Une généalogie ascendante nous permet d’établir une série de fonctionnements types – cadre-limite, cadre-objet, ellipse interne, ellipse externe – et, ainsi, de considérer les éléments filmiques du point de vue de leur élaboration interne. Le cinéma sécrète ses propres outils d’analyse. C’est d’ailleurs lui qui va dramatiser et diégétiser le cadre. Pour rendre compte de cela nous devons passer par une étude du montage. Si l’intérêt de l’analyse consiste à établir des types de fonctionnement pour le cadre ou pour l’ellipse, c’est parce qu’ils sont au préalable mis en œuvre par le film. C’est aussi ce que diagnostiquera André Gaudreault. Il va dresser une typologie du plan en nous expliquant que l’histoire du cinéma en crée trois sortes : 1. la vue (cadre-limite) ; 2. les plans non-continus (plan-tableau et ellipse interne) ; 3. l’enchaînement de plans continus (plan et l’ellipse externe)36. Ces types entretiennent une résonnance certaine

avec des principes de composition et en génèrent de nouveaux (le raccord par exemple). Ils développent chacun des fonctions, ce qui aura une incidence sur l’analyse.

Toutefois, le plan comme le cadre cultivent une force centripète. L’analyse devra se pencher sur les moyens mis en œuvre pour en rendre compte. Finalement, les formes de l’expression (cadre-limite et cadre-objet) redoublent les formes du contenu (la place centrale accordée à l’histoire), elles-mêmes redoublées par les formes de l’analyse (la lisibilité, la hiérarchisation et la dramatisation).
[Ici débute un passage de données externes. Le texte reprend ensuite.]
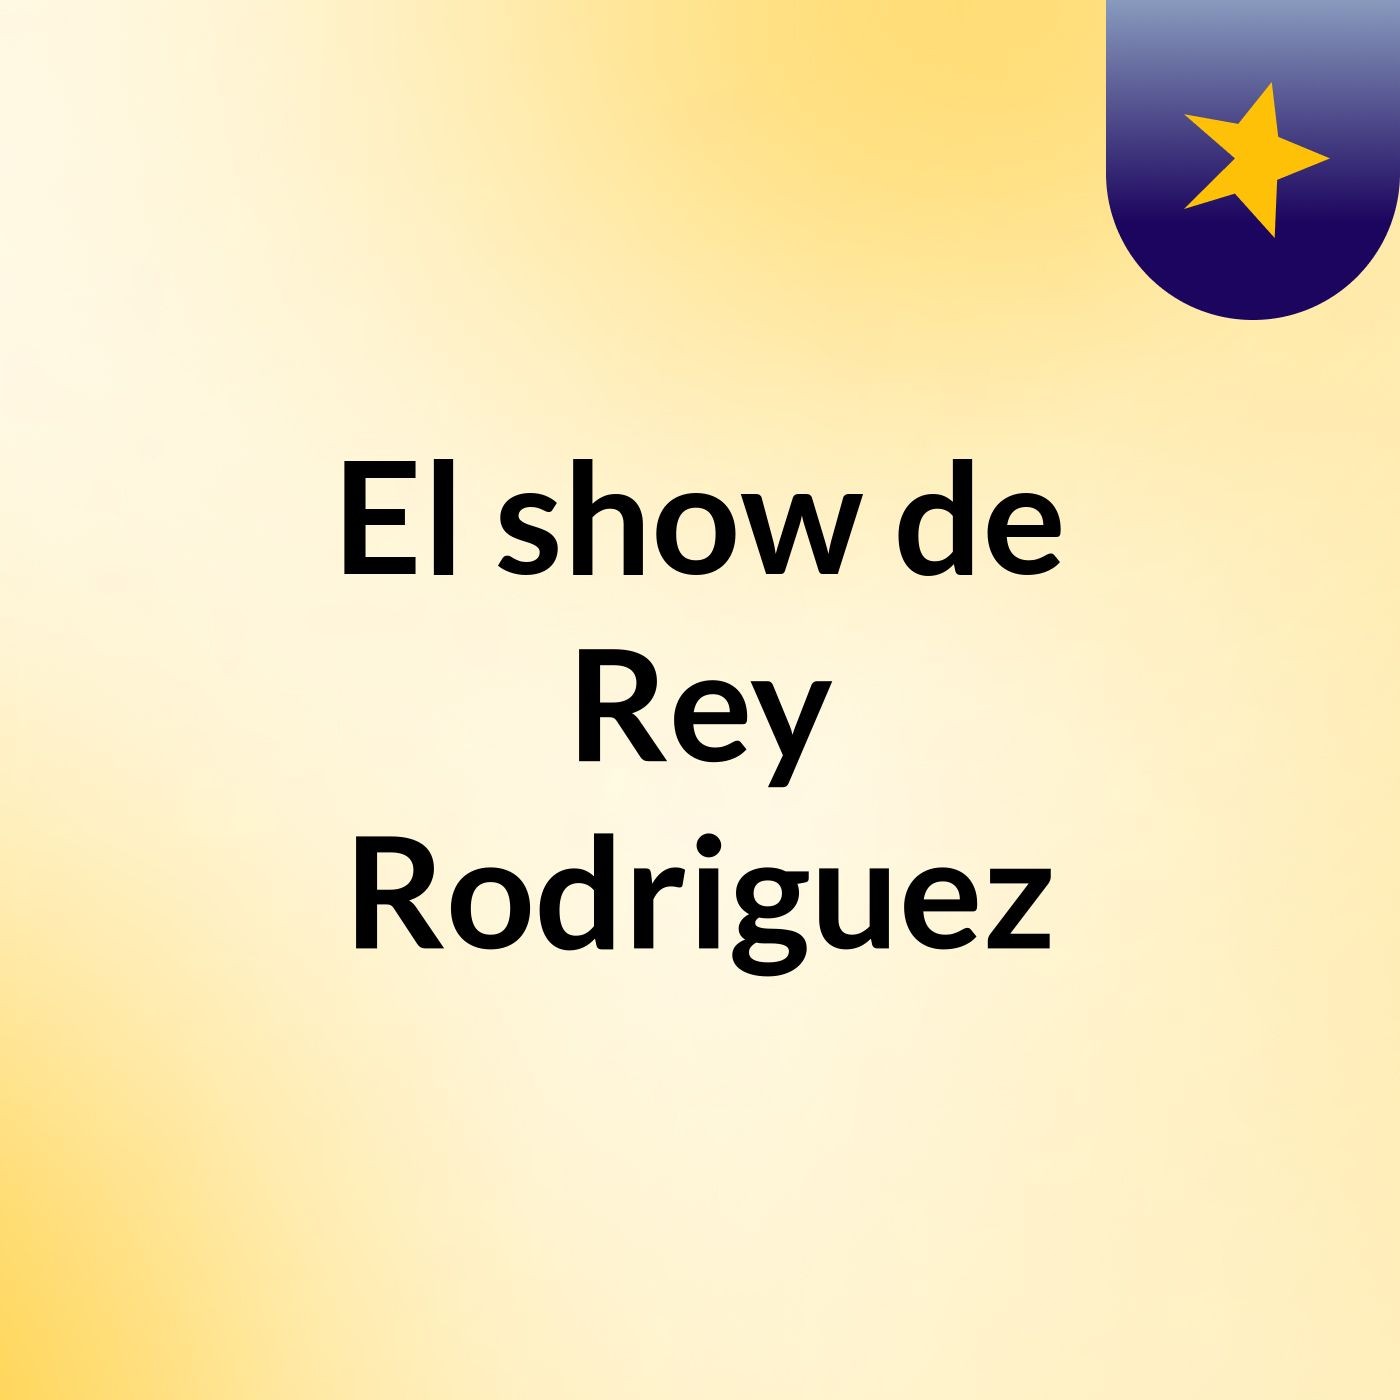 Episodio 5 - El show de Rey Rodriguez

D’une part, la construction de l’image permet de mettre en avant les éléments important en en proposant une hiérarchisation et leur répartition dans l’espace. D’autre part, la grande profondeur de champ garantit leur lisibilité. Afin de saisir, en plus du déplacement terminologique, le changement de fonctionnement de la place à la scène, de la vue au film, du tableau au plan, nous considèrerons les thèses d’André Gaudreault et de Tom Gunning. Chez les frères Lumière, le cinéma montre (la vue) le monde et chez Méliès il raconte (le plan) un monde. Nous verrons que les plans cinématographiques se différencient des plans-tableaux dès lors que le cadre change de dynamique. En effet, c’est en introduisant une continuité entre les plans que ces derniers ne sont plus lus indépendamment les uns des autres, mais comme formant un tout : le film. Toutefois, entre les plans, il y a toujours des trous narratifs plus ou moins grands, les ellipses. Nous interrogerons l’ellipse cinématographique et ses implications au niveau du temps et de l’espace. Ceci nous permettra de donner une nouvelle définition du plan. C’est ainsi que nous aborderons la question du montage.